Wireless as a Service

I've worked with wireless technologies for quite a few years now - it's fair to say I've seen a lot of changes and development in that time. Moore's law stated that the number of transistors on a CPU would double every 2 years. 

Wireless is pretty similar in many respects - it's a constant evolution. Data rates and throughput speeds keep increasing continuously, new features are added and the refresh cycle keeps apace of every 3 - 4 years. It's a fast moving space!

If you wanted to read a bit more on wireless, we have a range of great blogs, such as how to tune RF and a great eBook on the Top 8 Secrets to Great Wi-Fi.

The Evolution of Wi-Fi

There's a good graphic on this below, which illustrates how quickly Wi-Fi has come to dominate the way in which we connect:

Hotspots

Source: https://www.ibwave.com/media-and-events/blog/post/infographic-the-evolution-of-wi-fi-an-18-year-history

Changes with Wi-Fi

It occurred to me though that something reasonably fundamental has changed along the way. The early installs I worked on were pretty simple and straightforward hotspot data affairs - clients were more powerful, didn't really need to roam around.
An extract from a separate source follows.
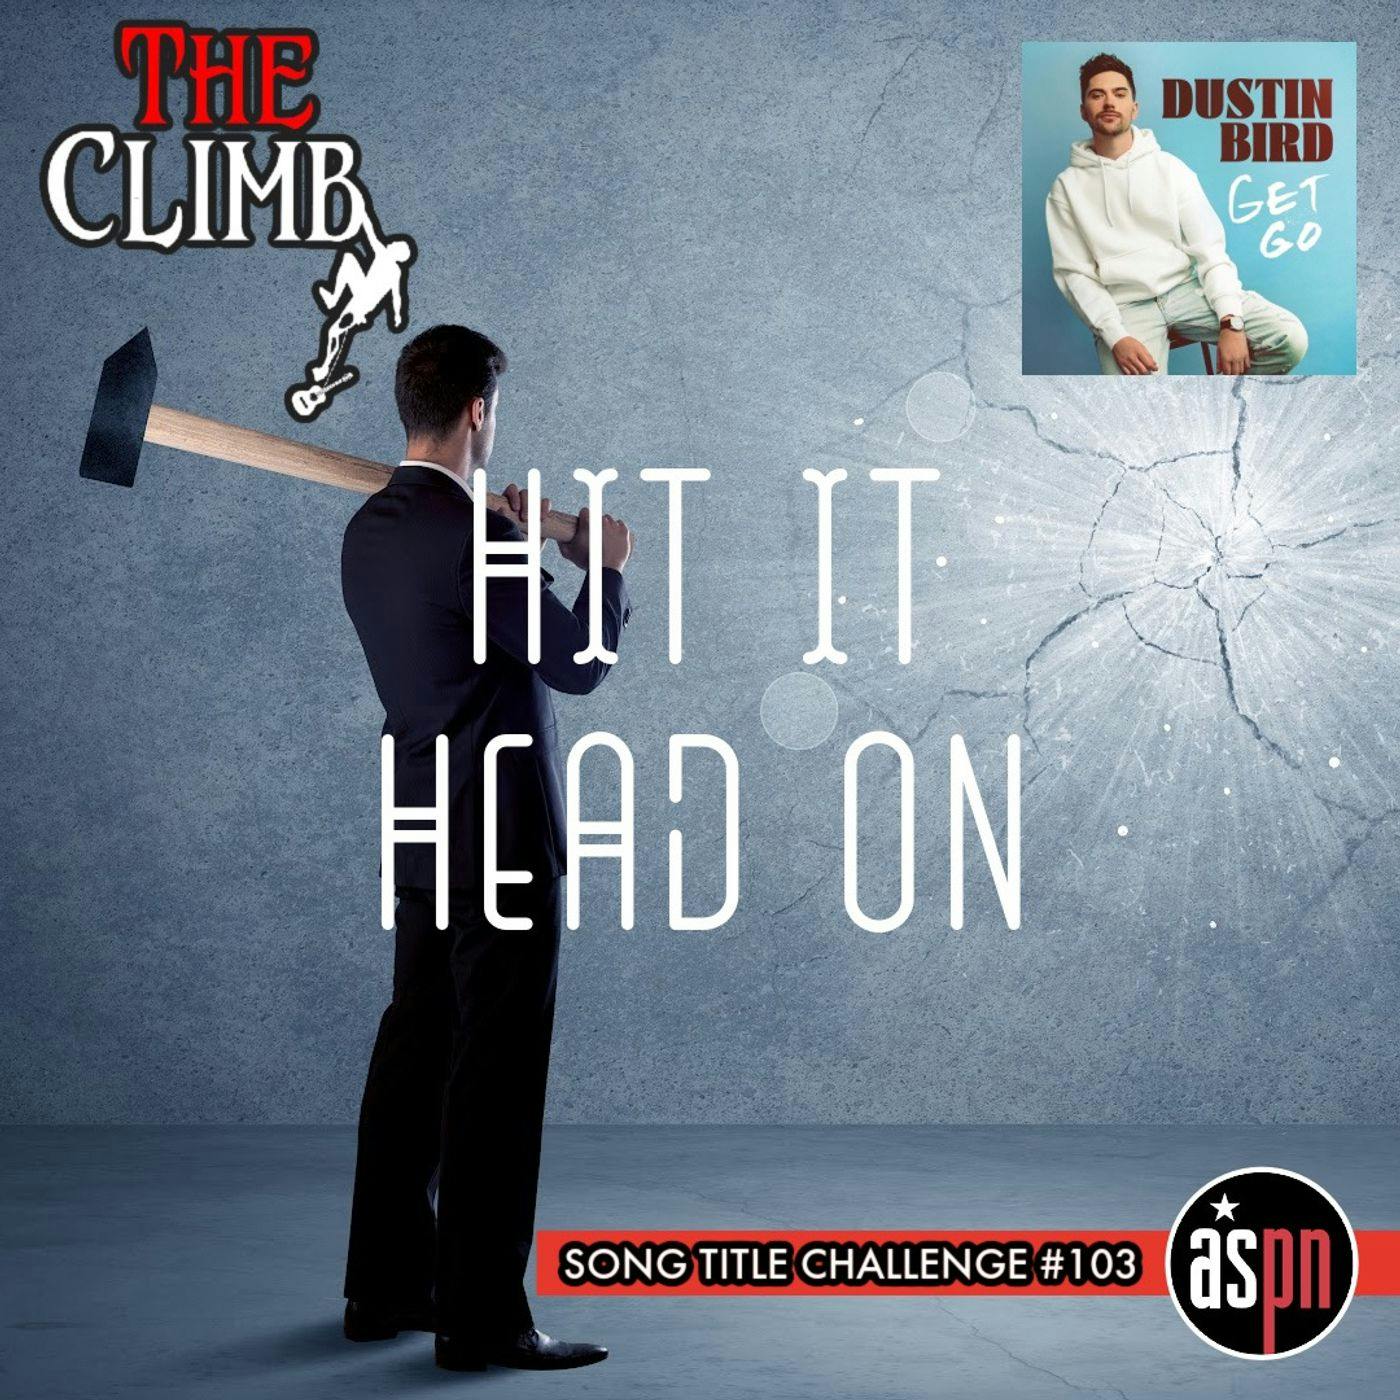 Song Title Challenge #103: Hit It Head On - Dustin Bird

I should also say that the code seemed to be relatively bug free at the time, which is something that also seems to have changed, but that's another blog, for another time. Oh.. and those early networks didn't require much in the way of throughput.

Modern Wi-Fi: All Things to All Men!

Fast forward and we're now throwing all sorts of services (and devices) at the network - and demanding it to do things that it was probably never designed for. It's a testament though to the technology that it's been able to evolve, with new features and roaming algorithms bolted on. 
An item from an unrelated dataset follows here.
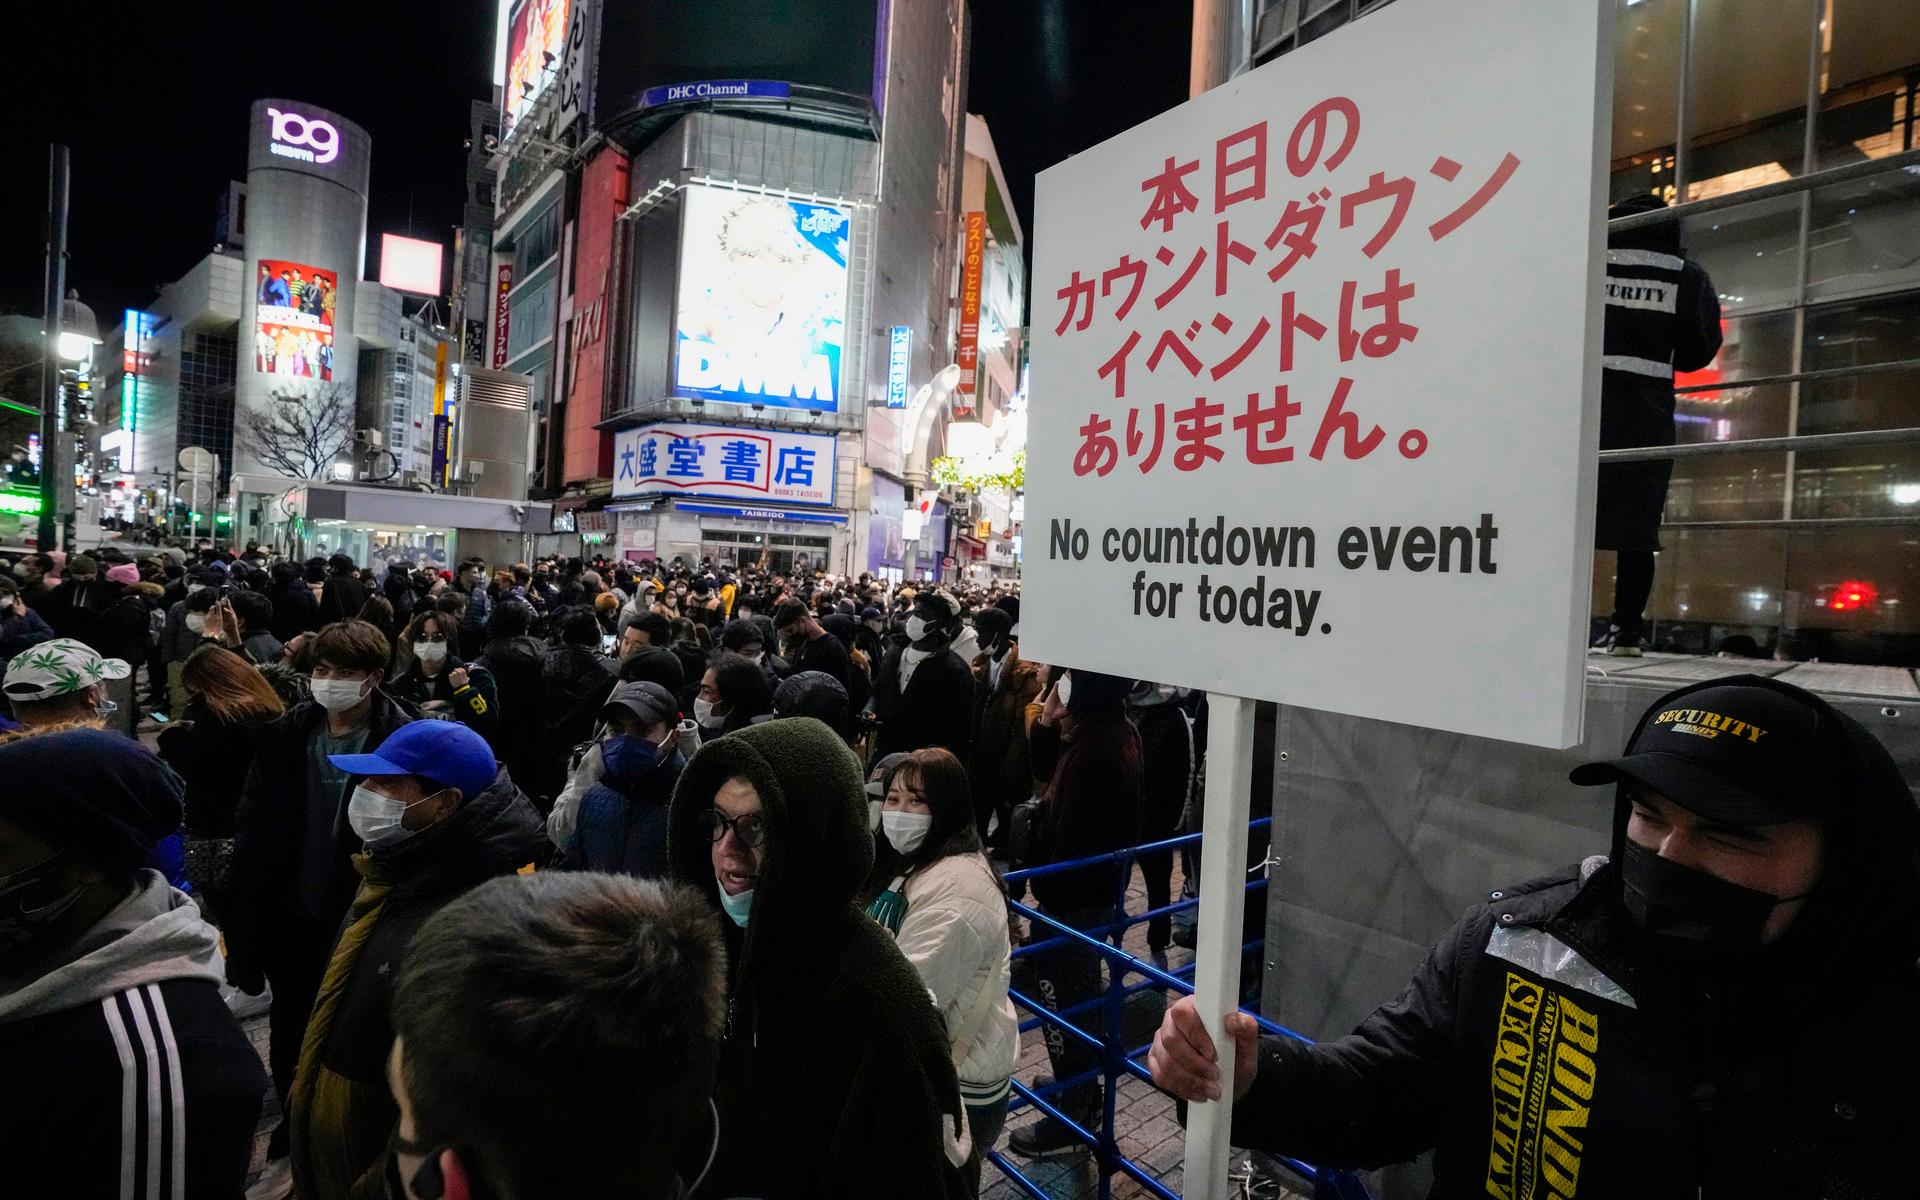 Tokyo-bor möts av en skylt som förklarar att det inte blir någon nedräkning vid det berömda övergångsstället Shibuya i år.

Wireless as a Service Feature Image

Roaming in particular demands careful design of cell size and overlap and the whole network should be designed to meet the needs of the weakest transmitter.

As painful as it is to add more APs, you need to match transmit powers of APs and devices (I've written a range of other blogs on this topic if you fancy a browse).

We regularly do voice and RTLS grade networks now, with BYOD thrown in. There's a load more clients, which now have to roam perfectly.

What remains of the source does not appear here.